**What to produce**
Starting at the line that contains "LanvinАвтор парфюма какой" and stopping after the line that contains "intégration_JE", transcribe the listing below exactly; do not include any pictures.

─── Source data

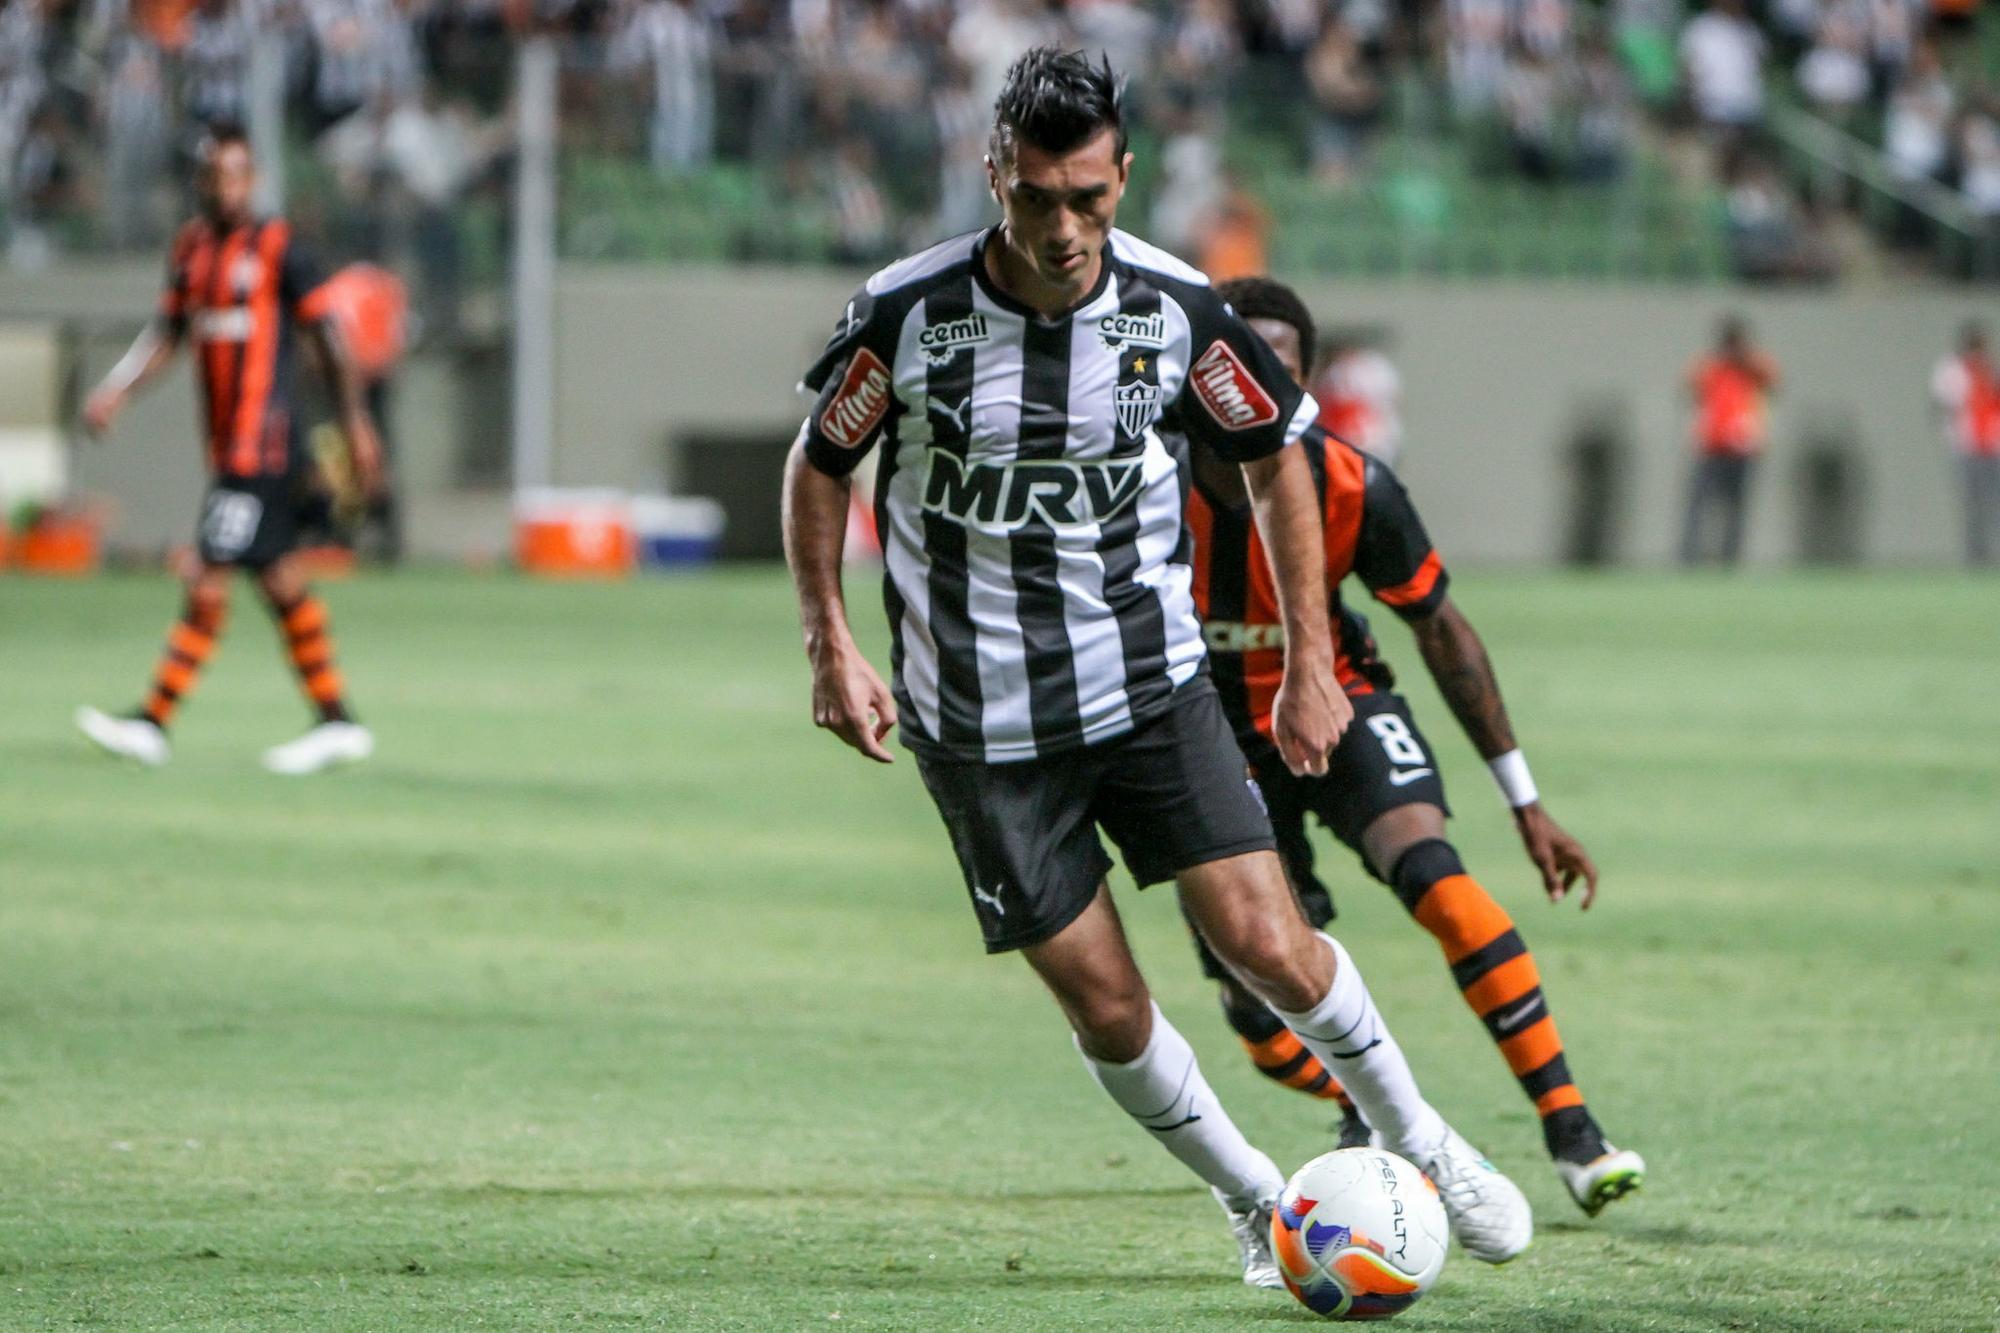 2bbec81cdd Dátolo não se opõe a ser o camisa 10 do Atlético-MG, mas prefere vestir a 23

──────
─── Source data

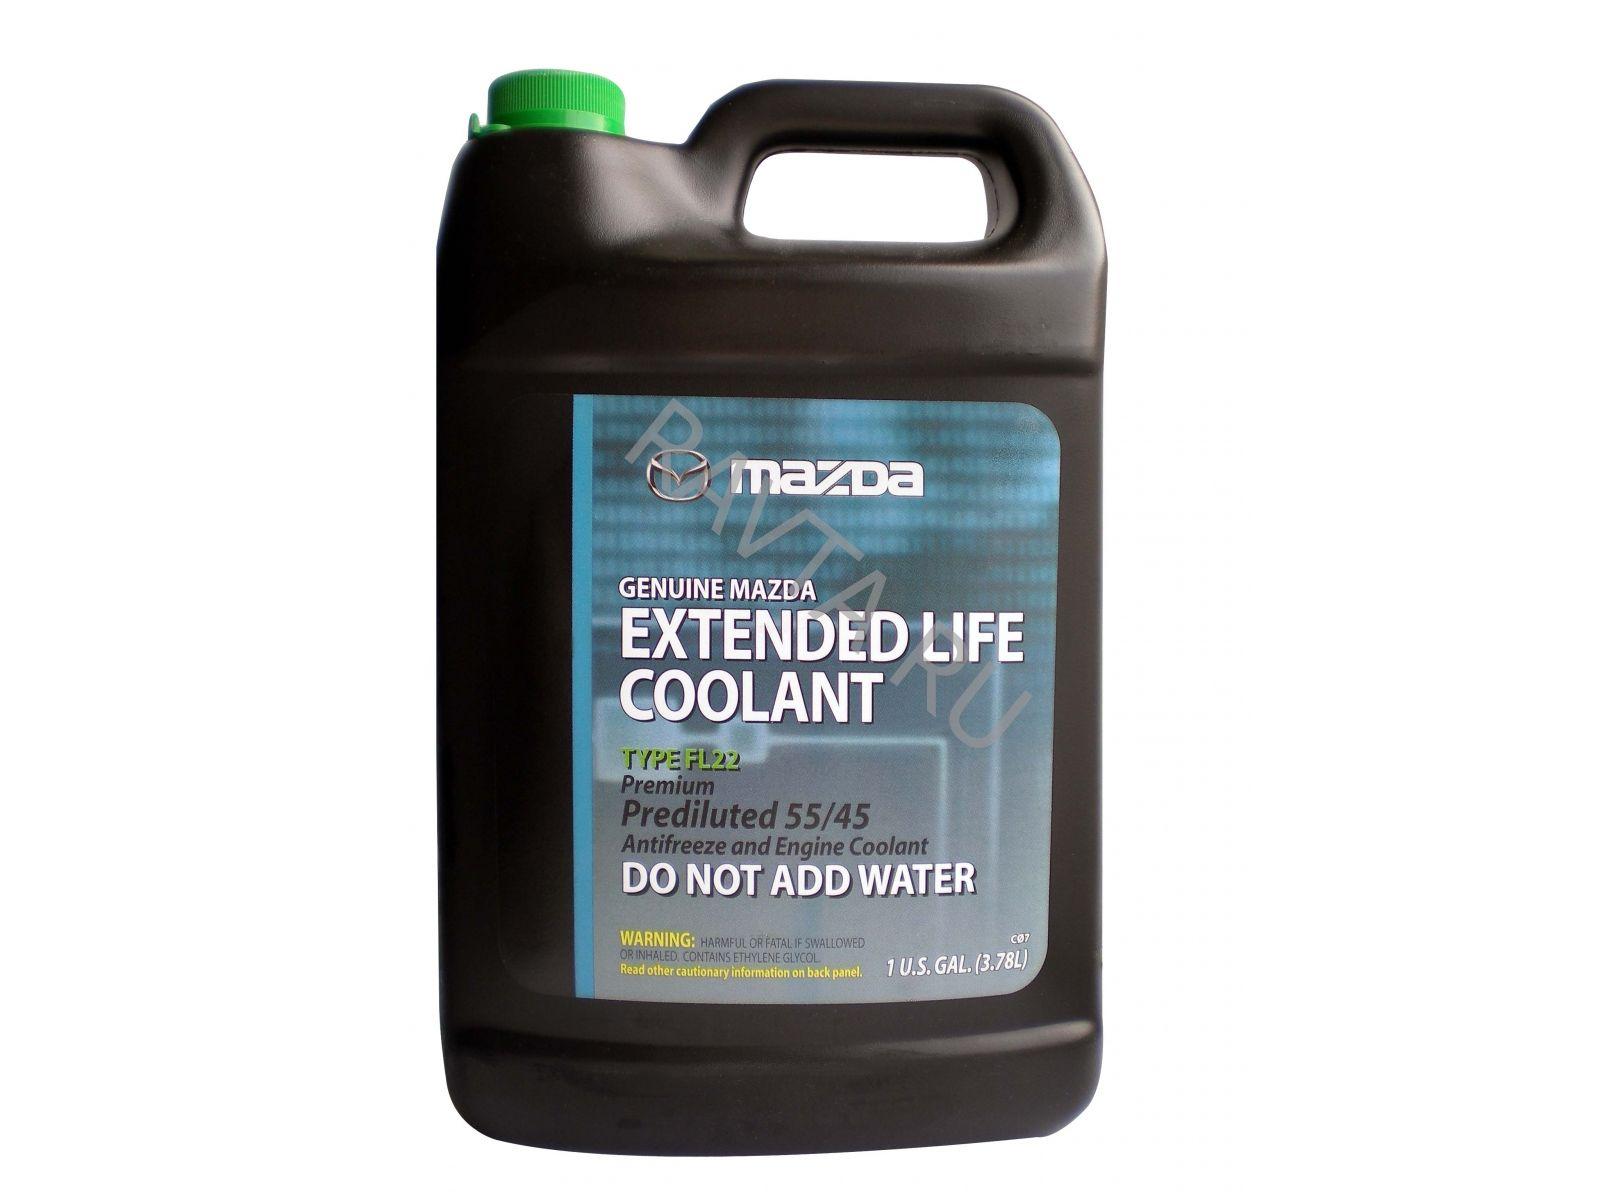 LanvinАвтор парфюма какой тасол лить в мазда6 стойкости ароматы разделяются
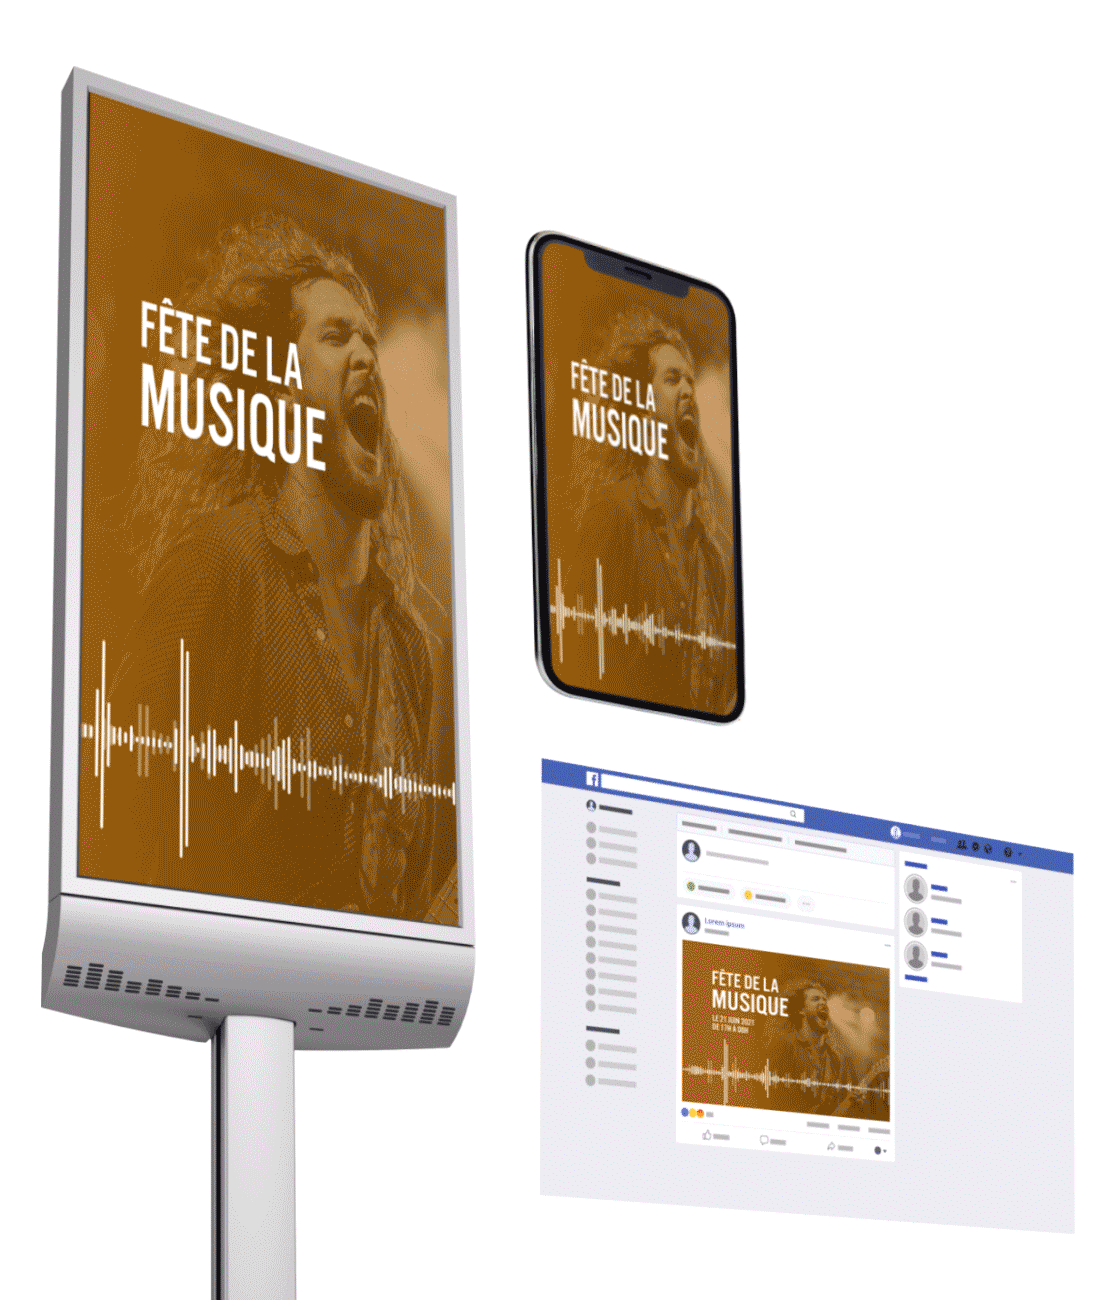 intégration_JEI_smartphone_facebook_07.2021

──────
─── Source data

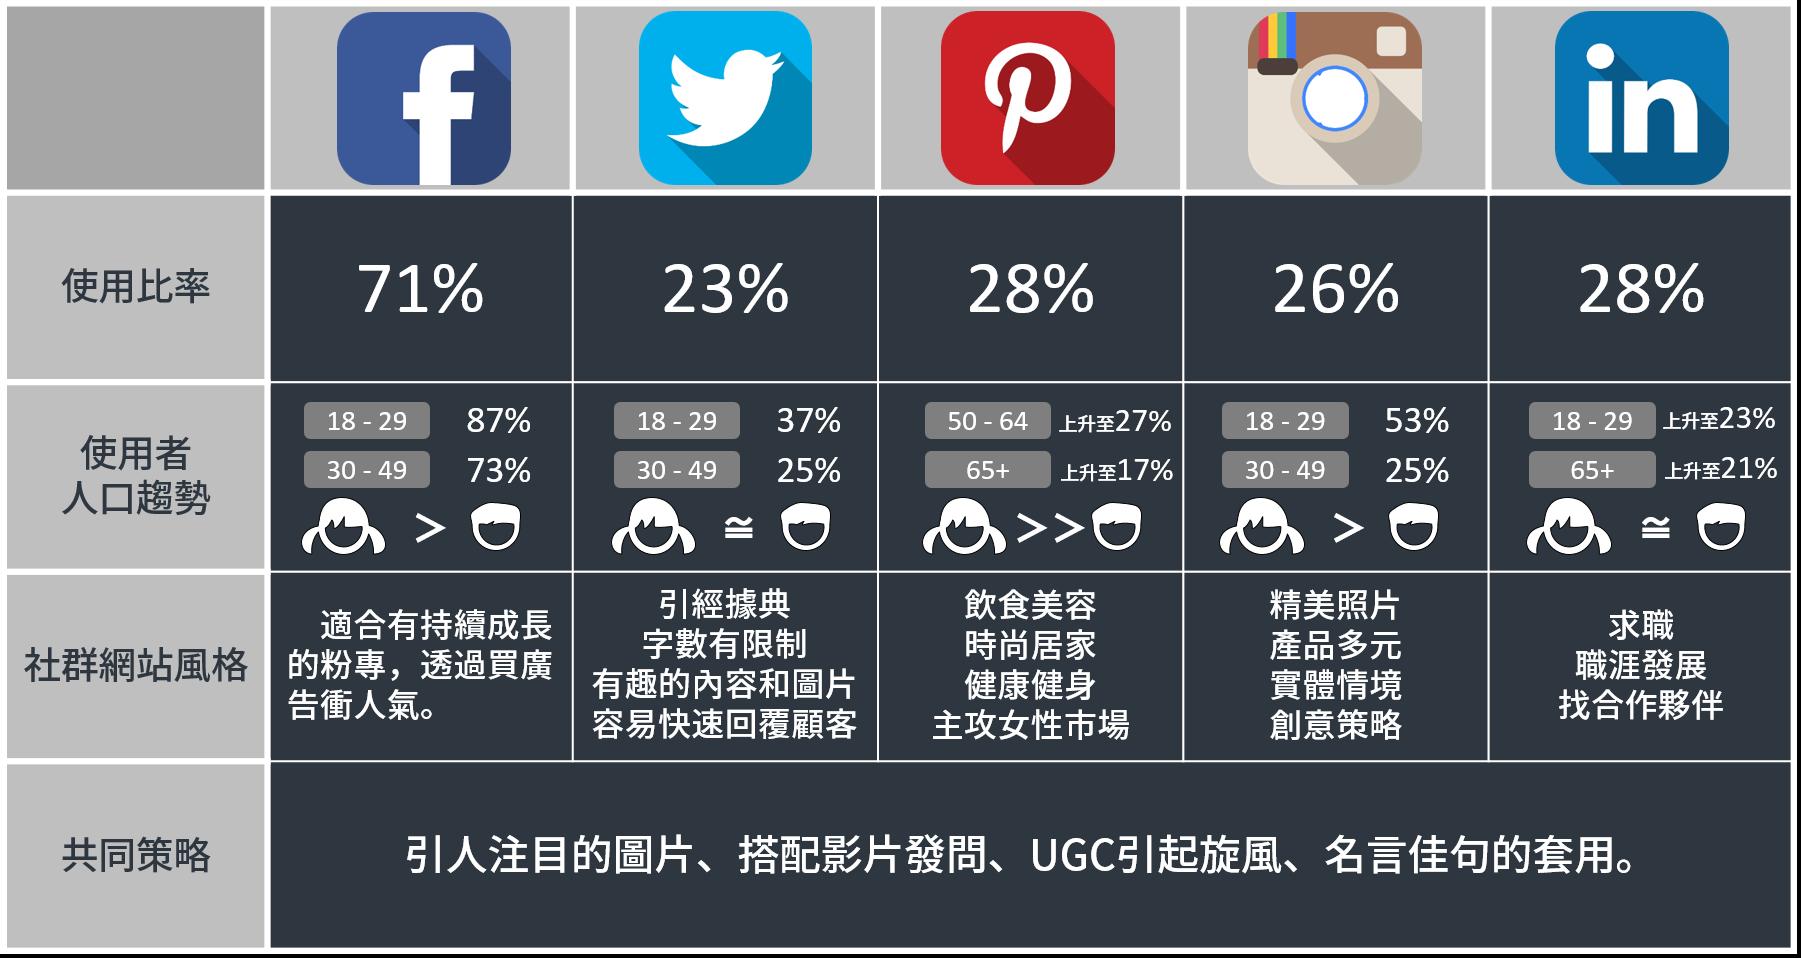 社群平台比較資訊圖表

──────

**Exercise output**
 LanvinАвтор парфюма какой тасол лить в мазда6 стойкости ароматы разделяются
 intégration_JEI_smartphone_facebook_07.2021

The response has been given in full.